■ **Stored data**:

◇ ◇ ◇ ◇ ◇ ◇ ◇

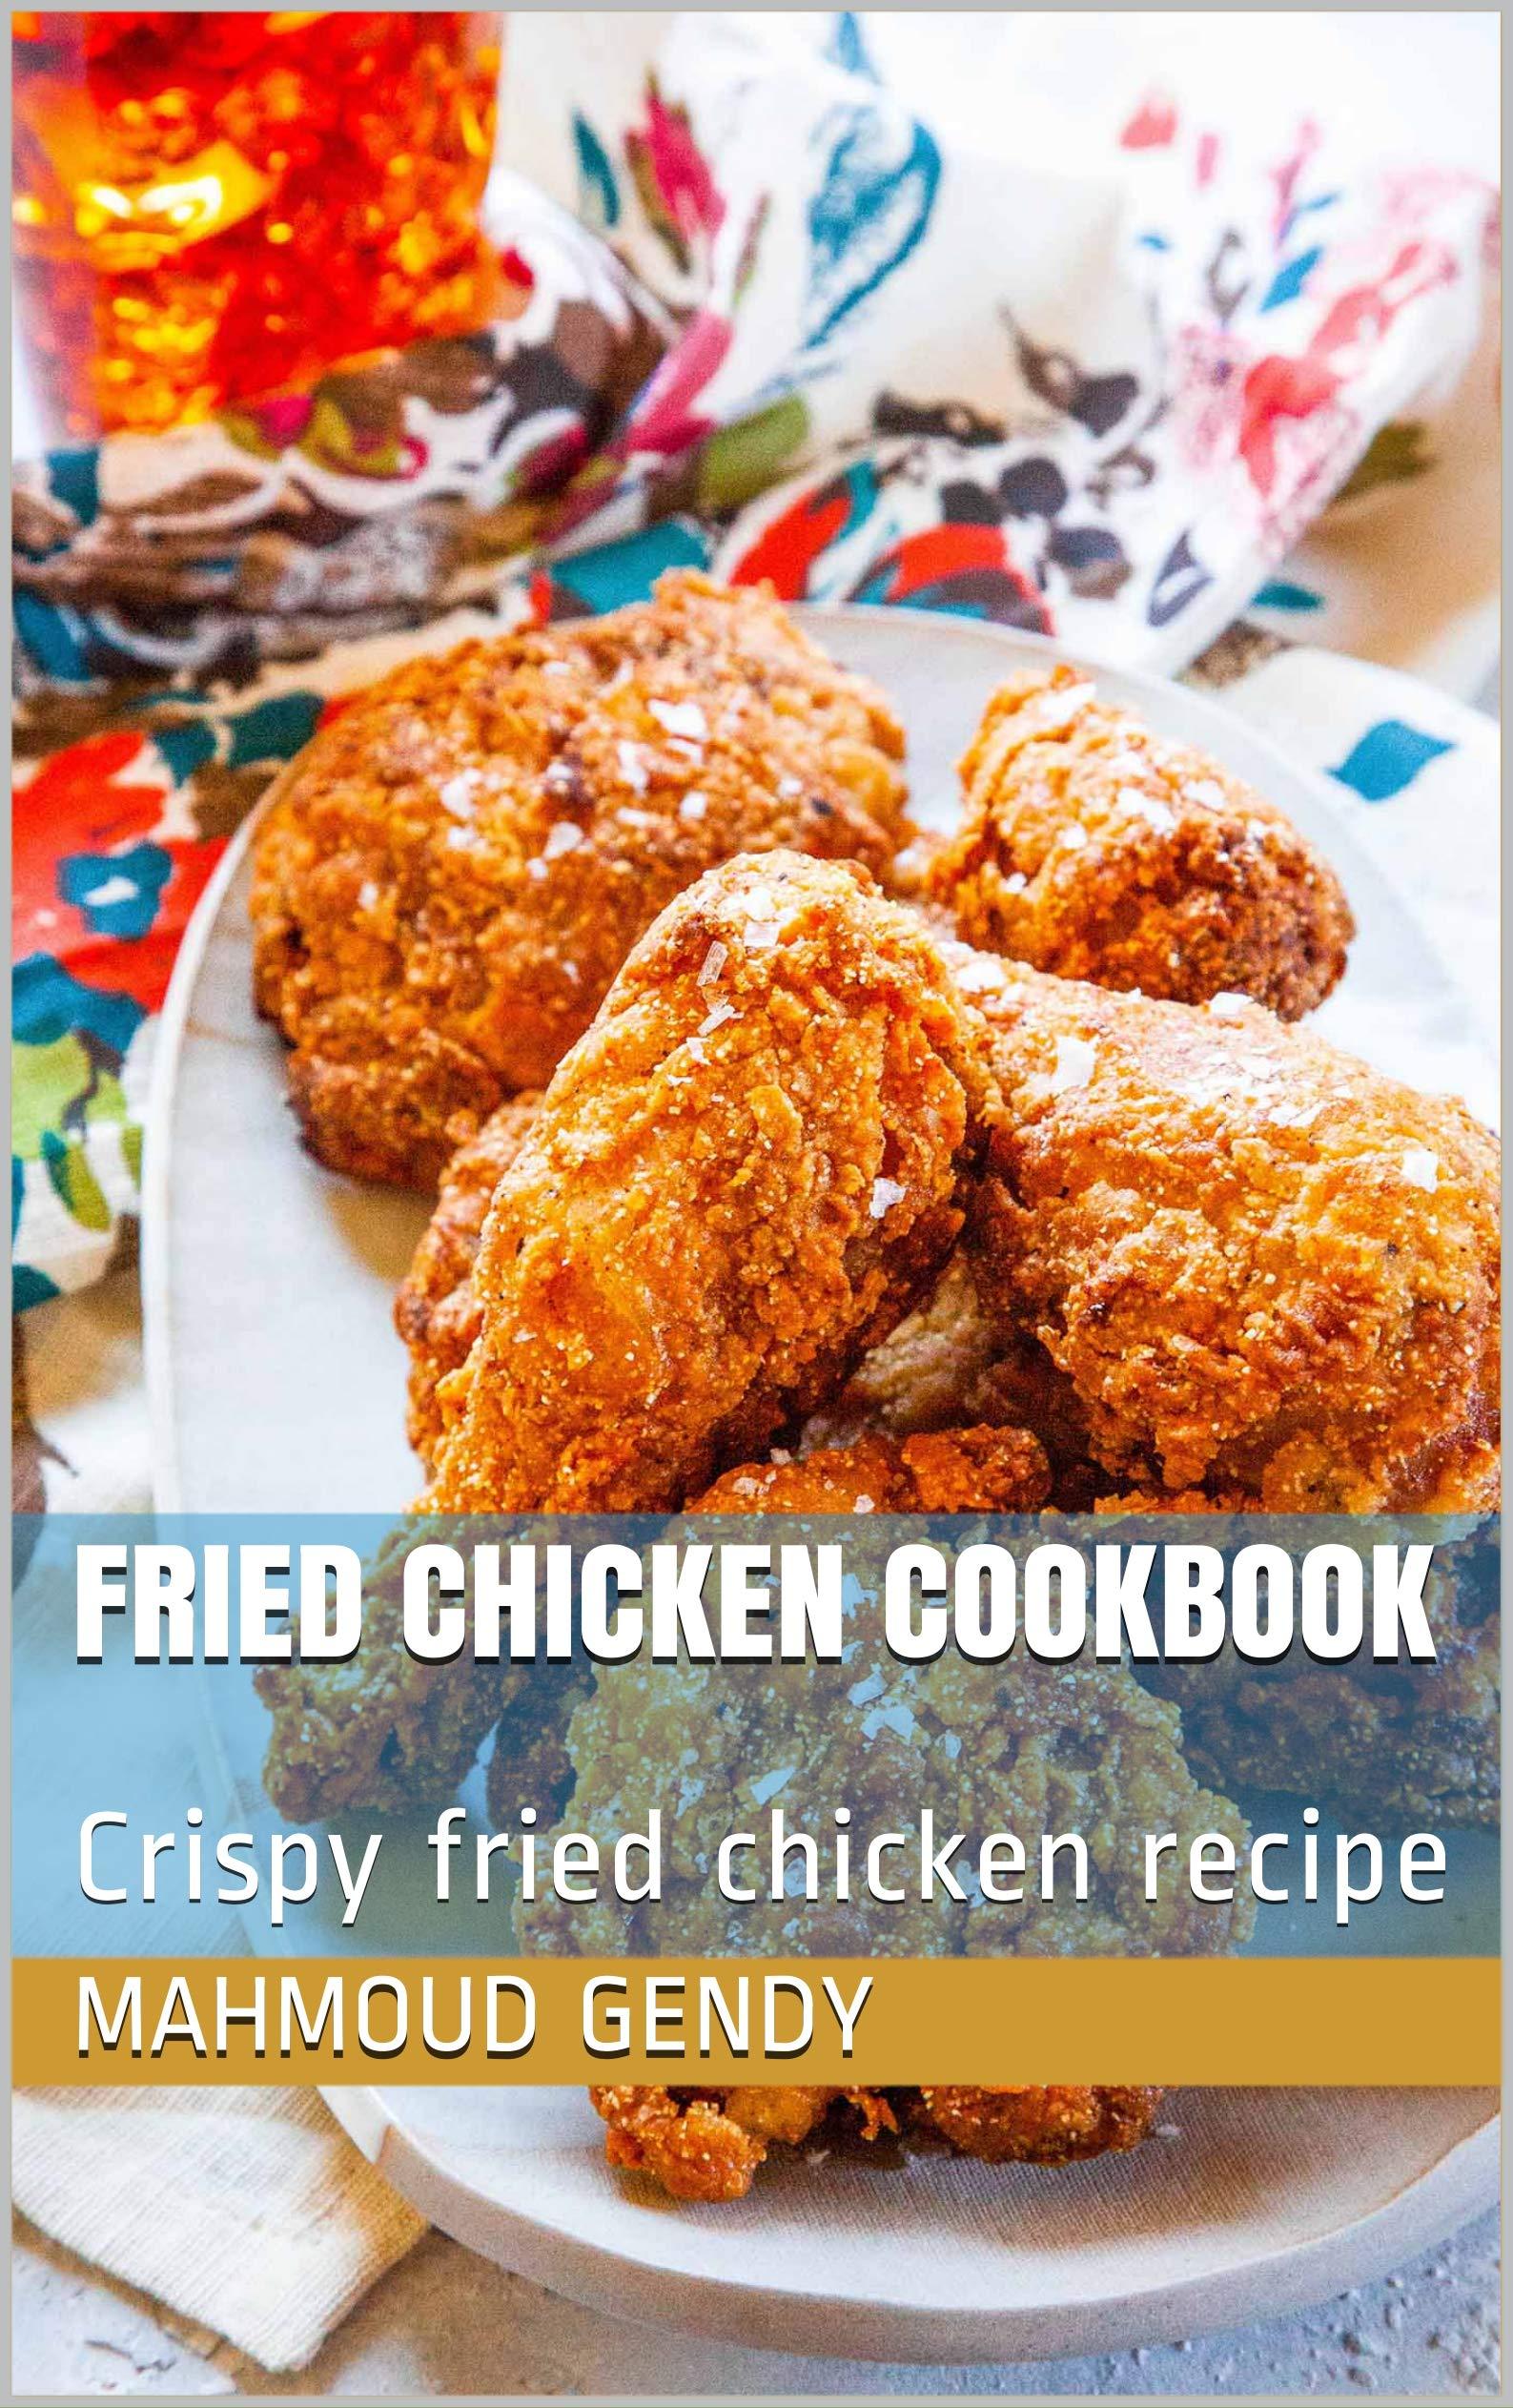 fried chicken cookbook: Crispy fried chicken recipe
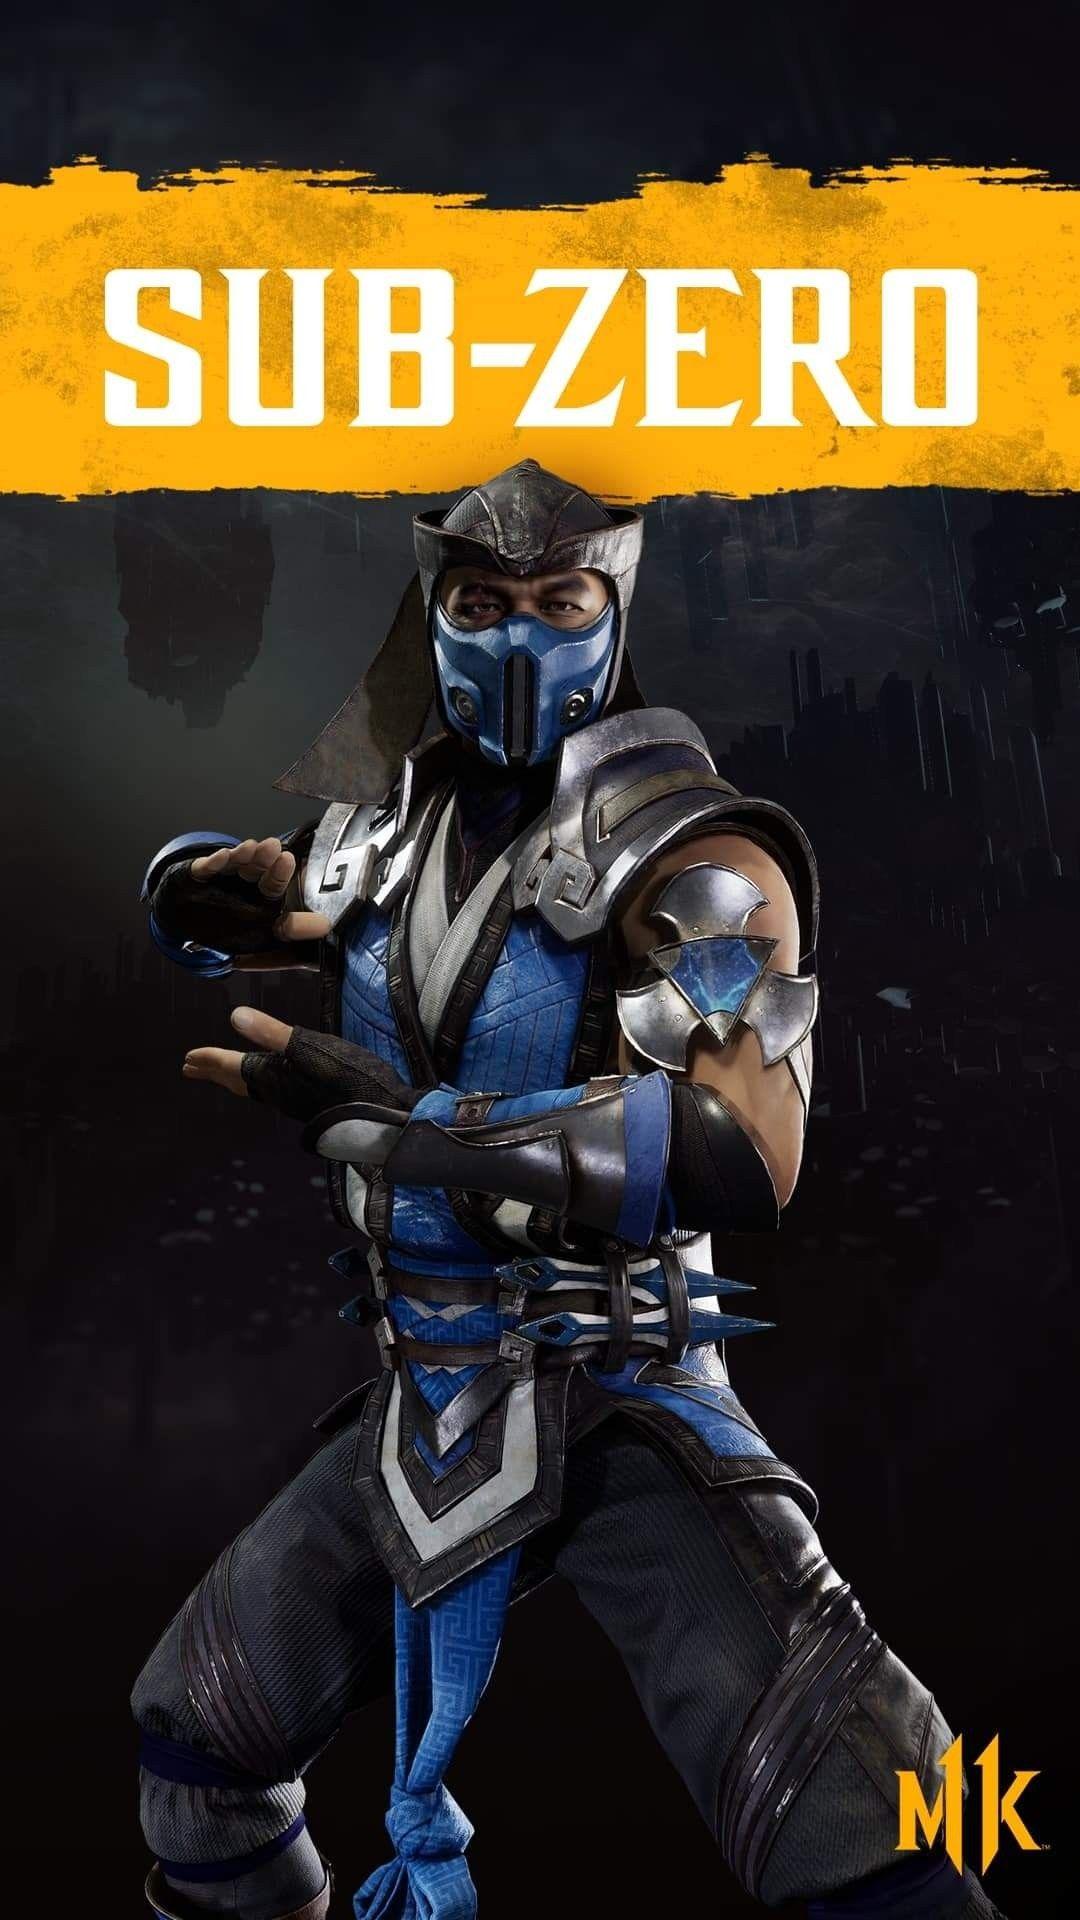 SubZero Mortal kombat characters, Sub zero mortal
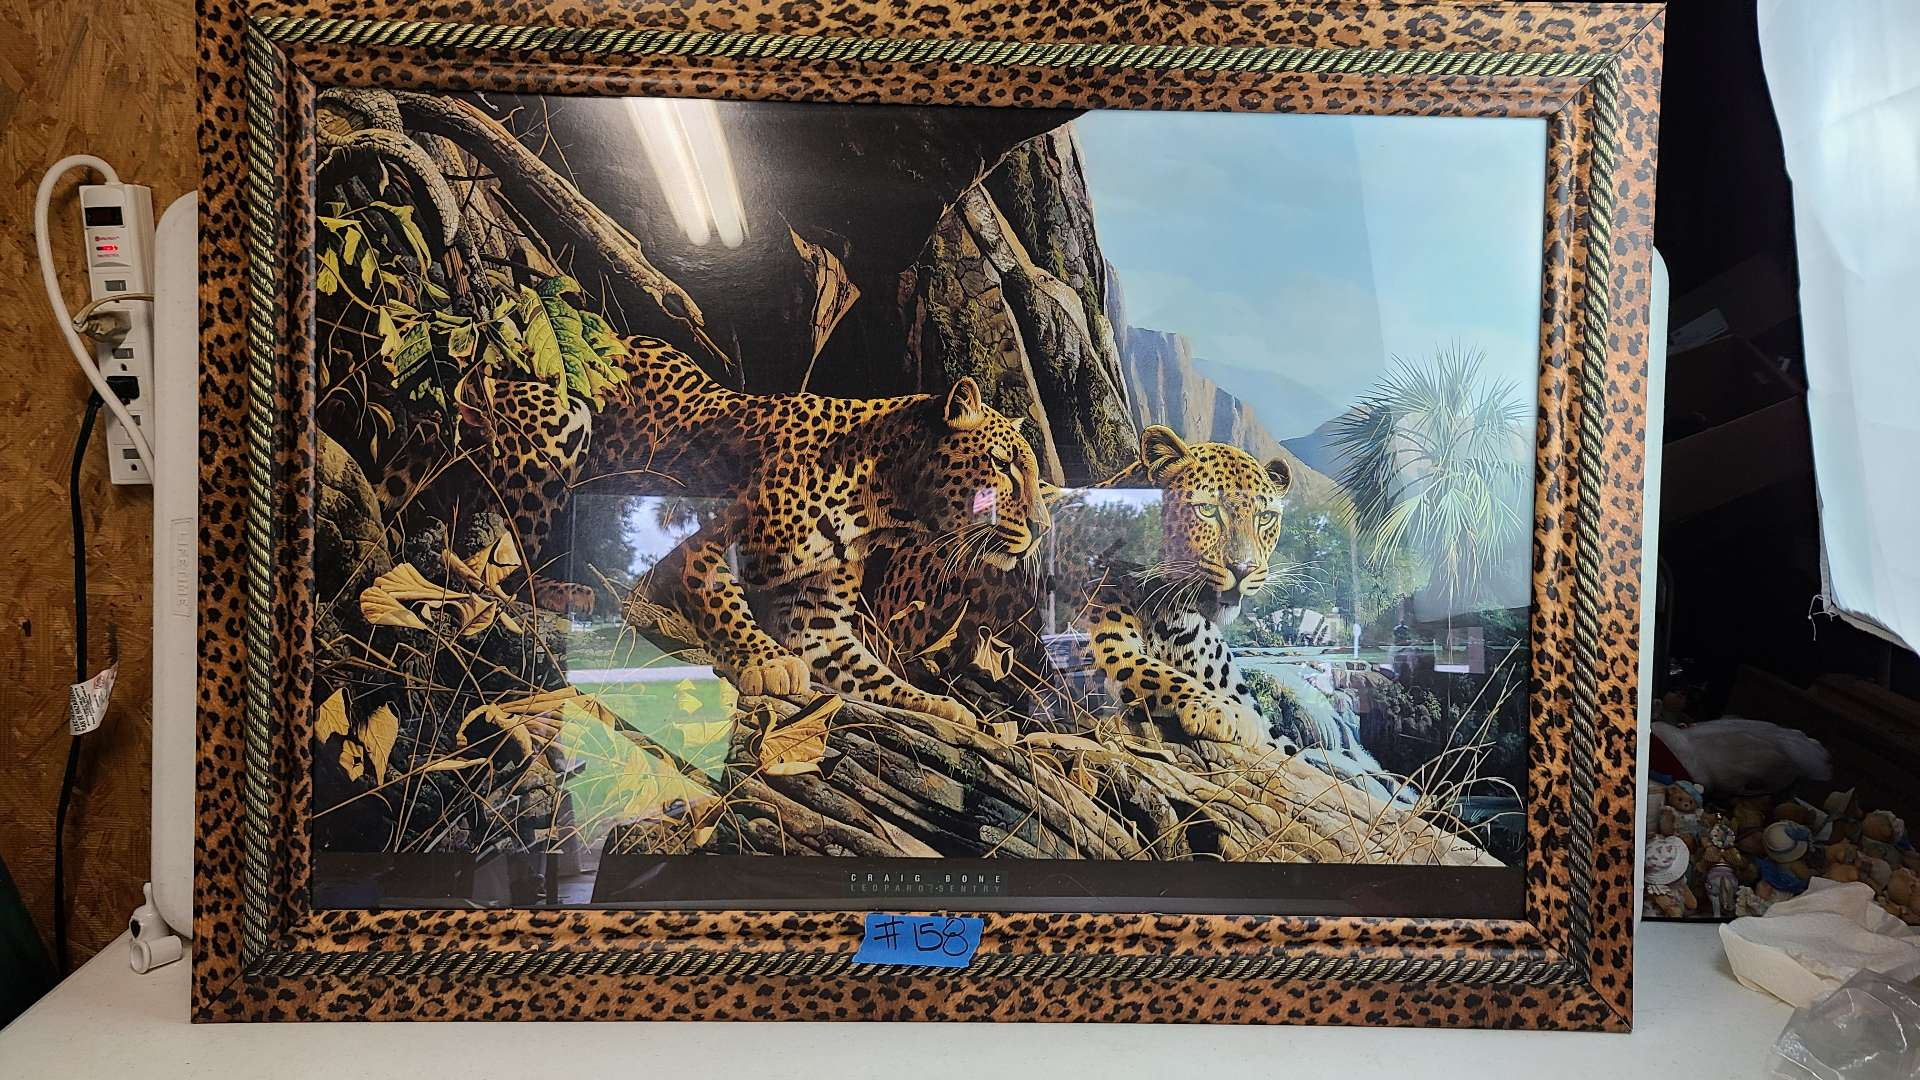 Lot # 158 Cheeta Poster

◇ ◇ ◇ ◇ ◇ ◇ ◇

■ **Work order**: Skip the images and write out the rest of the listing exactly.

■ **Answer area**:
 fried chicken cookbook: Crispy fried chicken recipe
 SubZero Mortal kombat characters, Sub zero mortal
 Lot # 158 Cheeta Poster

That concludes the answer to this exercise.